Lady walked over to the old man.
‘Baccarat crystal or Bohemian?’ he asked without taking his eyes off the chandelier.
‘Bohemian,’ she said. ‘It is, as you can see, a slightly smaller copy of the chandelier in Dolmabahçe Palace in Istanbul.’
‘Unfortunately I’ve never been there, ma’am, but I was once in a chapel in a small place in Czechoslovakia. After the Black Death they had so many skeletons lying around there wasn’t enough room for them. So they employed this one-eyed monk to tidy up and stack the remains. But instead of doing that he used them to decorate the chapel. They have an attractive chandelier there made out of skulls and human bones. Some might think that shows little respect to the dead; I would maintain the opposite.’ The old man shifted his gaze from the chandelier to her. ‘What greater gift can mankind receive than the touch of immortality inherent in retaining a function even after death, ma’am? Like becoming a coral reef. A chandelier. Or a symbol and guiding star, a chief commissioner who dies so prematurely that people still have this notion of a good person, a selfless leader, so blessedly prematurely that there was never time to unmask him as another megalomaniacal corrupt king. I’m of the opinion that we need such deaths, ma’am. I hope the one-eyed monk received the gratitude he deserved.’
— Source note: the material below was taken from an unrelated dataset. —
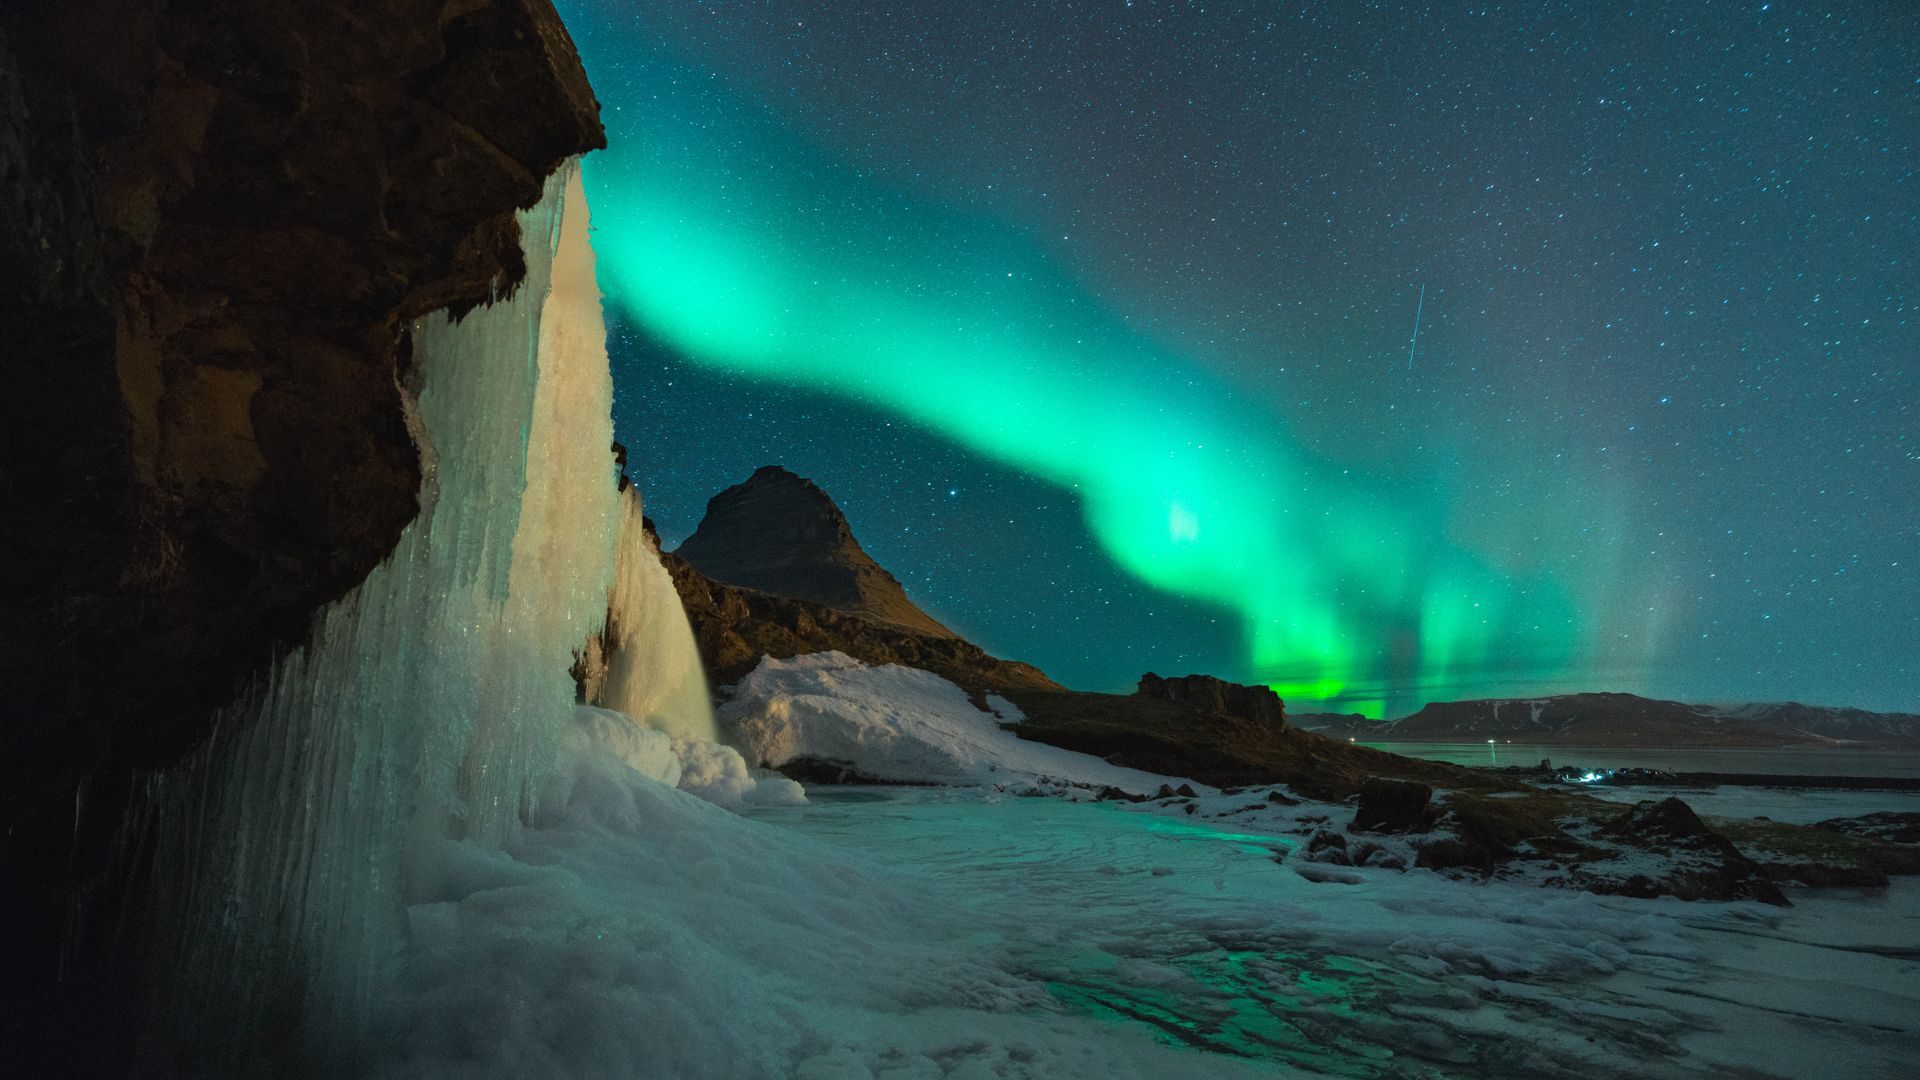 Islandia - lodowce, wulkany i zorza polarna - Wyjazdy grupowe z Matimpex Travel

Lady swallowed. Usually she could see something in a person’s eyes which she could interpret, understand and then use. But behind this man’s eyes she saw nothing – it was like looking into the eyes of a blind man. ‘How may I be of assistance, Mr Hand?’
‘As you know, I should be at a meeting with your husband. He’s sitting in a hotel suite waiting to kill me.’
Lady felt her windpipe contract and knew that if she spoke now her voice would be high and squeaky. So she refrained.
‘But as I can’t see that I’d be serving any good purpose dead, I thought instead I’d talk sense with the sensible one of you two.’
Lady looked at him. He nodded and smiled a sad, gentle smile, like a wise grandfather. Like someone who understood her and told
her that excuses were unnecessary and pointless anyway.
‘I see,’ Lady said with a hefty cough. ‘I think I need a drink. What can I offer you?’
‘Well, if your bartender knows how to make a dirty martini . . . ?’
‘Come with me.’
They went to the bar, where people were queueing. Lady ploughed her way to behind the bar counter, grabbed two martini glasses, poured from the gin bottle and then the Martini bottle, mixed the cocktails on the worktop beneath the counter. Less than a minute later she was back and handing the old man his glass. ‘I hope it’s dirty enough.’
He tasted. ‘Definitely. But unless I’m mistaken it has an extra ingredient.’
‘Two. It’s my own recipe. This way?’
‘And what are the ingredients?’
‘That’s a business secret of course, but let me put it this way: I think drinks should have a local touch.’ Lady led the old man and the tall man-woman into the empty room behind the restaurant.
‘Naturally, a man in my position has some sympathy with you wanting to protect your business secrets,’ Hecate said, waiting for the man-woman to pull out a chair for him. ‘So please excuse me if I’ve revealed your intentions to take over my town. I respect ambition, but I have other plans.’
Lady sipped her martini. ‘Are you going to kill my husband?’
Hecate didn’t answer.
She repeated the question.
Macbeth stared at the door and felt his mouth go dry. Locked in. He imagined he could hear the bomb ticking behind him now. There was no other way out – exits were one of the things he always checked when he examined drawings of buildings. Outside the windows the smooth wall dropped twenty floors to the tarmac.
Locked in. Trapped. Hecate’s trap. His own trap.
He breathed through his mouth and tried to shut out the mounting panic.
His eyes swept the room. There was nowhere to hide, the bomb was too powerful. His eyes fell on the door again. On the thumb turn lock under the handle.
The thumb turn. He let his breath out in a long, relieved hiss. Shit, what was wrong with him? He laughed. A hotel door is supposed to lock when it closes. He lived in a hotel himself, for Christ’s sake. All you had to do was turn the lock to open the door.